_WHAT IS NEEDED_:
Write out, word for word and with no pictures, each line below from the one containing "Alltag in Indien: Reisig" through the one containing "Спальня, рабочий кабинет", both included, and no other line.

[Opening DATASET CONTENT section]

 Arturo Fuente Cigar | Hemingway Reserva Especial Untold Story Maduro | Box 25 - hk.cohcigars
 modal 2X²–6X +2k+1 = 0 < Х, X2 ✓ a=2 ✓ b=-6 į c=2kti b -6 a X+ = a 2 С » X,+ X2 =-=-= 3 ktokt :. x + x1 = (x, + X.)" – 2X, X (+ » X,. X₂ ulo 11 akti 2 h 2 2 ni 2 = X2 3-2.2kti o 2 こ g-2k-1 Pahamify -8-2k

[Closing DATASET CONTENT section]
[Opening DATASET CONTENT section]

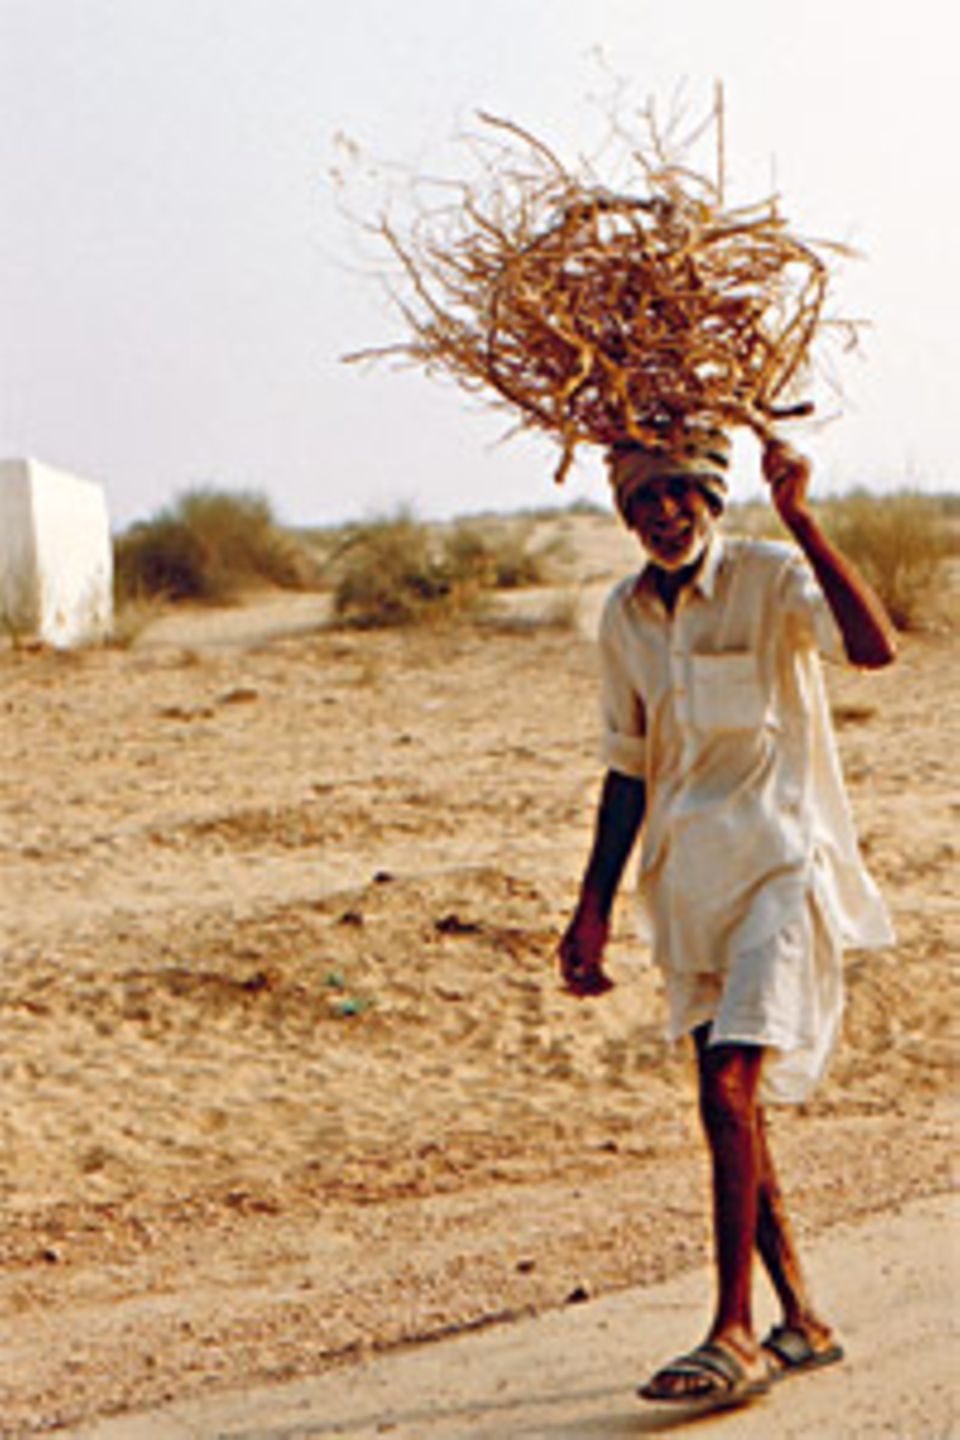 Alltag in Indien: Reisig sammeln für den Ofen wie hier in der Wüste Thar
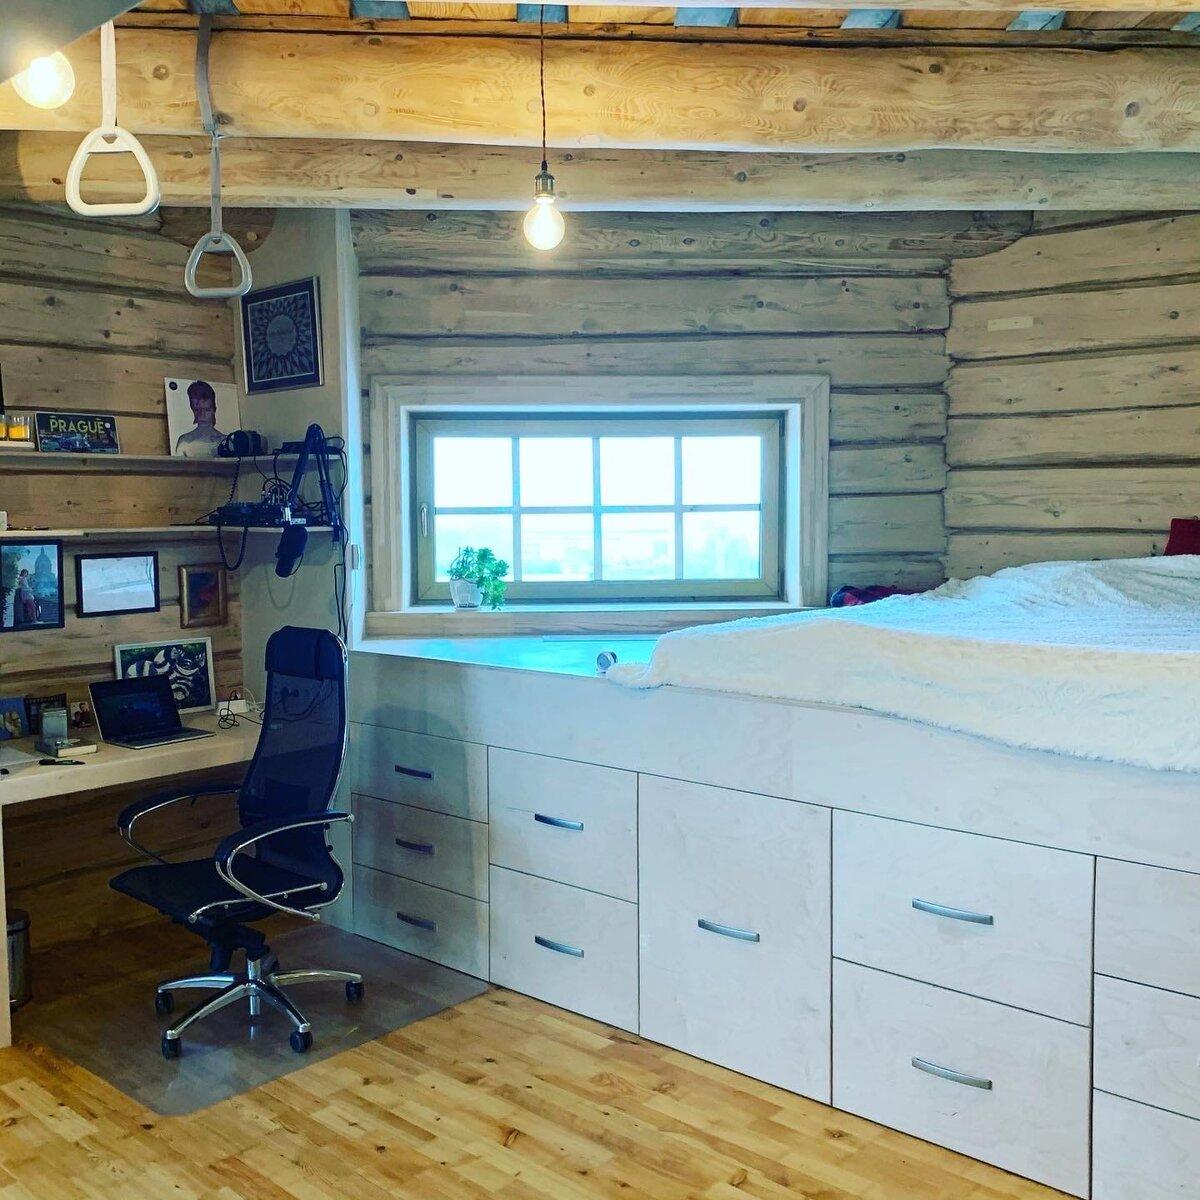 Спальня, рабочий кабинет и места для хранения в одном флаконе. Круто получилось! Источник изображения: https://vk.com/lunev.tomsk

[Closing DATASET CONTENT section]
[Opening DATASET CONTENT section]

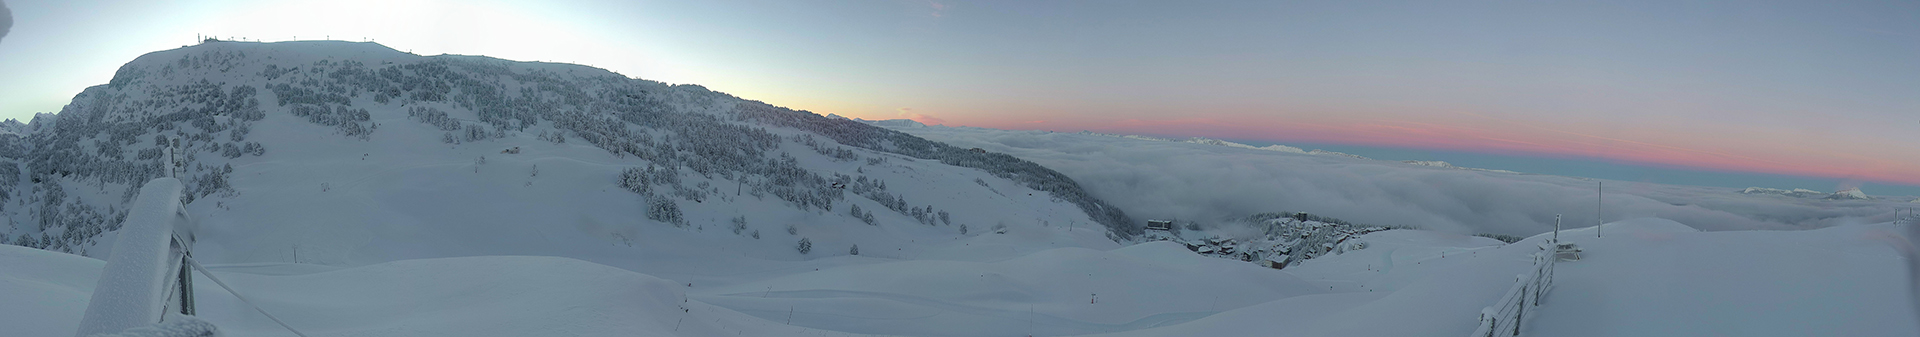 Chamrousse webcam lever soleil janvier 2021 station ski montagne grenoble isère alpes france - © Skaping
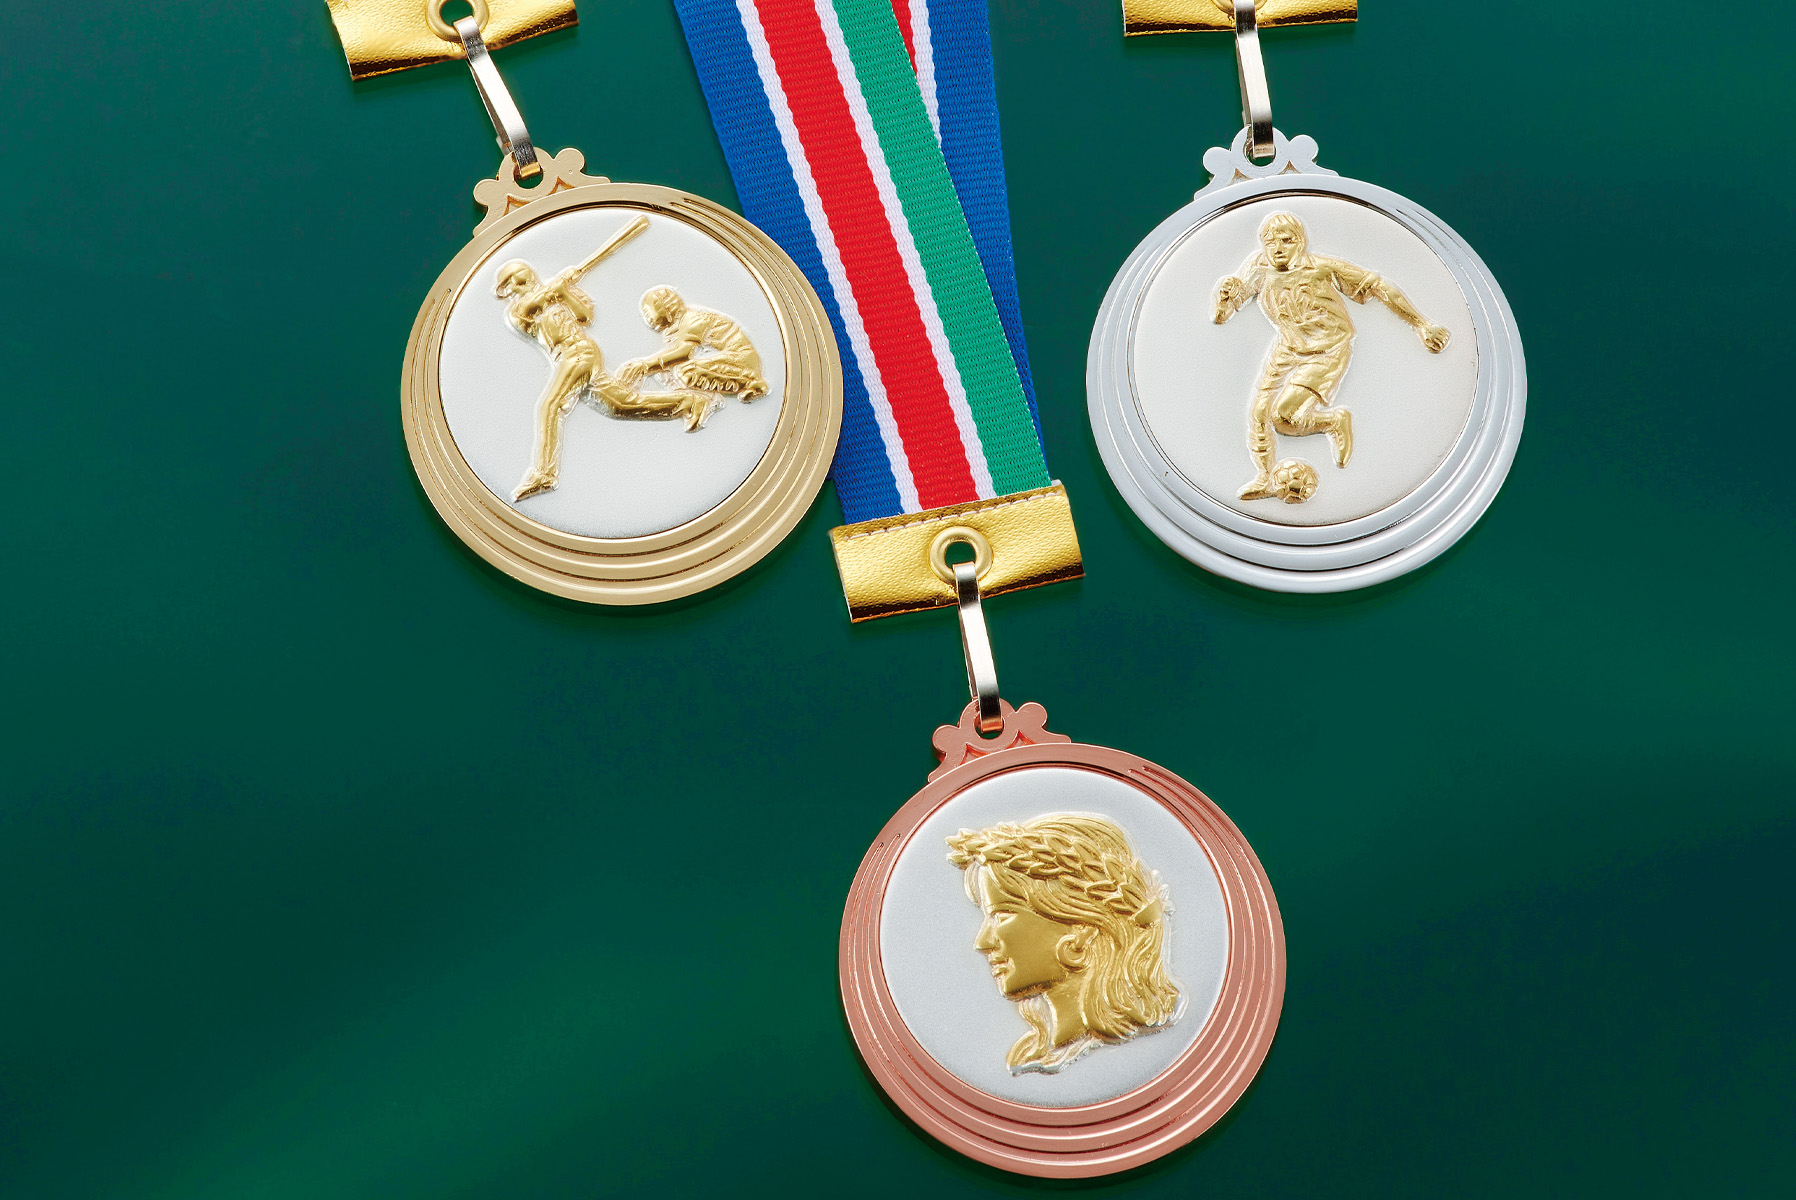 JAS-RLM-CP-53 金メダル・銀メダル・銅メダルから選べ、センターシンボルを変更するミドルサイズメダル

[Closing DATASET CONTENT section]

_PROBLEM SOLUTION_:
 Alltag in Indien: Reisig sammeln für den Ofen wie hier in der Wüste Thar
 Спальня, рабочий кабинет и места для хранения в одном флаконе. Круто получилось! Источник изображения: https://vk.com/lunev.tomsk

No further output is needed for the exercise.